Category Archives: programming

On Haskell, Ruby, and Cards Against Humanity

I really hate Cards Against Humanity.

I don’t particularly hate it for the obvious reasons of middle class white kids sitting around a table giggling at how transgressive they are being with their jokes about race. I don’t approve, and I would probably avoid it for that reason alone, but it’s frankly so banal in this regard that it probably wouldn’t be enough to raise my ire above lukewarm. What I really hate about it is that it’s a game about convincing yourself that you’re much funnier than you actually are.

Cards Against Humanity is funny, but it’s not that funny. It relies on shock value to inflate its humour, and by making a game of that draws you in and makes you complicit. Your joke about Vladimir Putin and Altar Boys? Not actually very funny, but by giving you permission to be shocking, Cards Against Humanity lets you feel like the world’s best comedian for an hour.

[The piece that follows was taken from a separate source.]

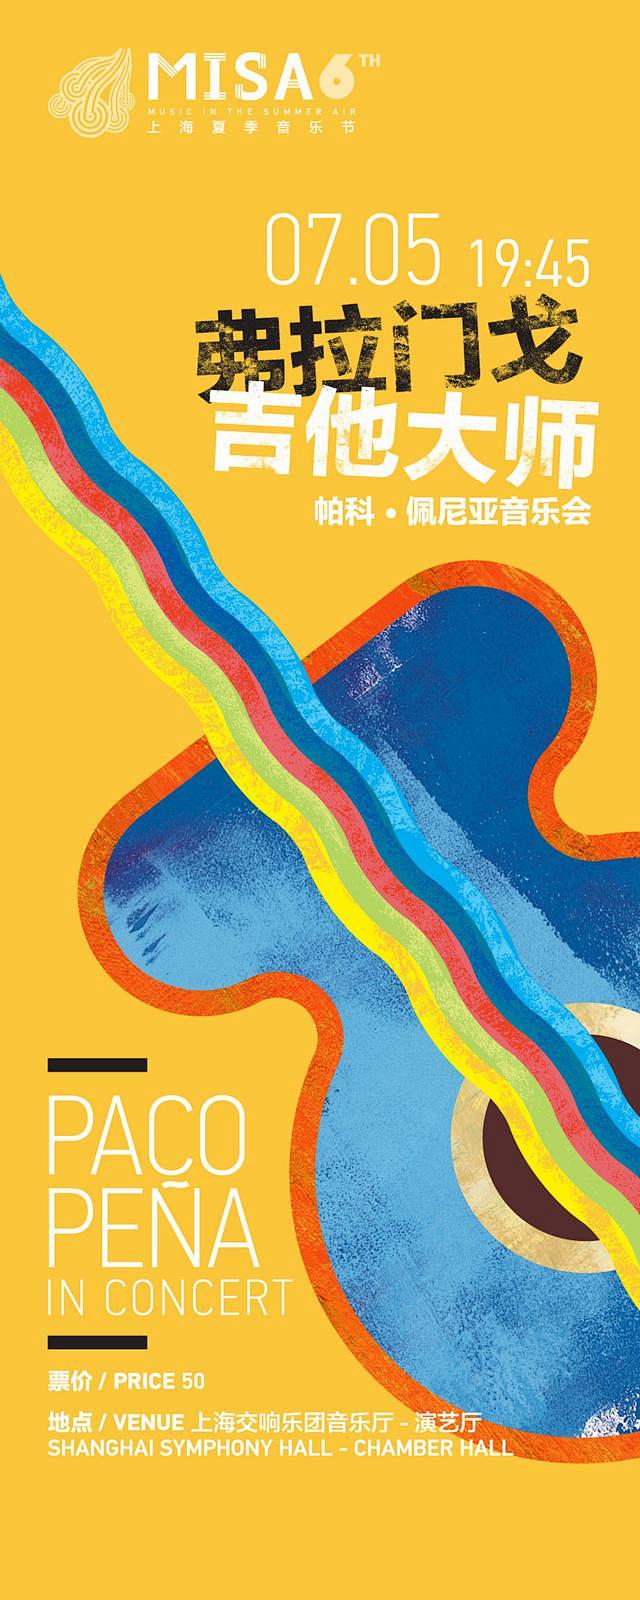 2015年上海夏季音乐节演出日历

There’s nothing intrinsically wrong with enjoying pretending you’re funnier than you actually are. I’ve intensely enjoyed games where I got to spend an hour pretending I was an elf, and no harm was done to any parties involved (except for some imaginary orcs who found themselves full of imaginary lightning bolts). The difference is, I don’t walk away from the latter with any doubt in my head about whether I’m an elf (I’m not, in case you were wondering). People walk away from a game of Cards Against Humanity thinking that they’re hilarious.

Is this objectively a problem? I’m not sure I’d go that far. It would require too much of a digression into systems of ethics and theories of value.

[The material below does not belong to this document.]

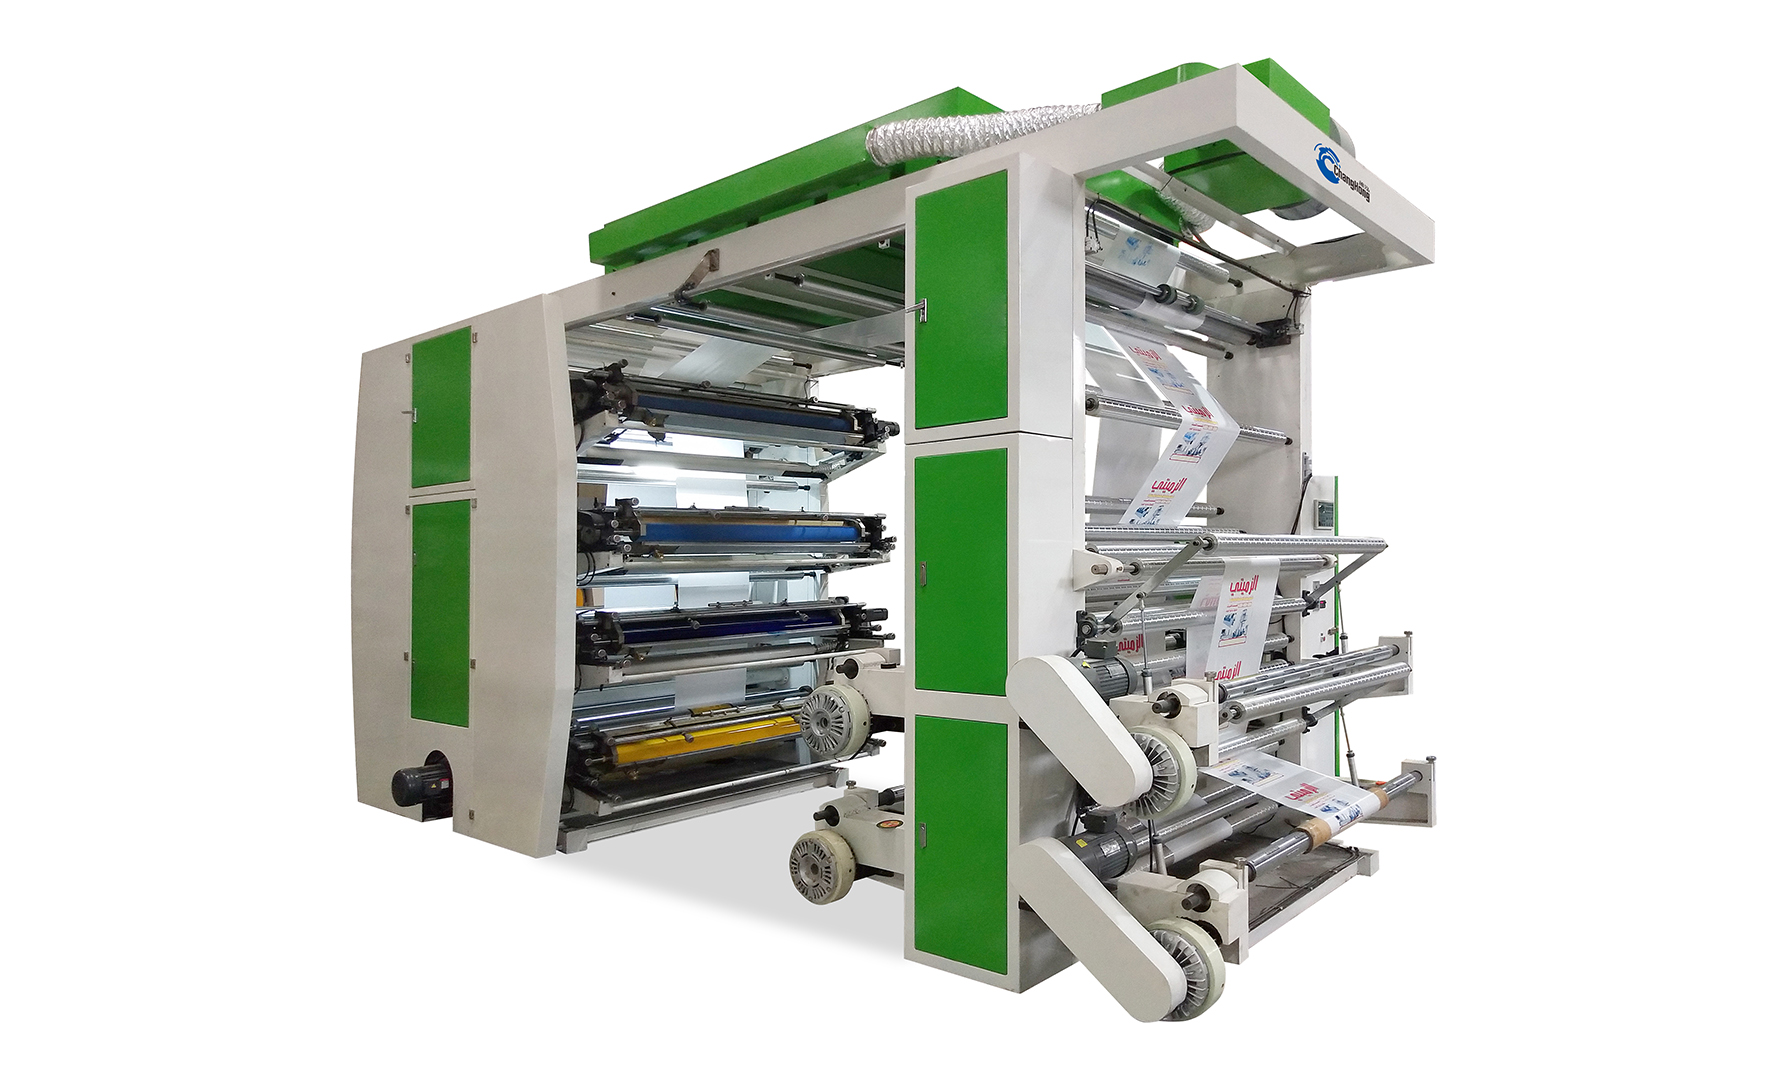 फिल्म पेट, बीओपीपी, पीई, सीपीपी, पेपर प्रिंटिंग के लिए फैक्टरी प्रोमोशनल हाई स्पीड 8 कलर स्टैक प्रकार प्लास्टिक फ्लेक्सो प्रिंटिंग मशीन

Personally though, I hate it. I hate it a lot. Humour and accurate self-knowledge are both things I value, and the intersection is especially important because inaccurate self-knowledge about something you want to become better at is a great way of becoming worse at it instead. If you learn the lesson that being crass is a great way to be hilarious, you won’t become better at humour, you’ll just become better at being crass.

Which brings me to Ruby and Haskell.

These two programming languages are about as far away from each other on the field of programming languages as you can get. But one thing they have in common, other than garbage collection and list syntax, is their similarity to Cards Against Humanity.

Oh, they generally don’t give you the same sense of being way funnier than you actually are (_why’s poignant guide and learn you a haskell aside), but they do have community norms that have similar effects of inflating your sense of how good you are at something important.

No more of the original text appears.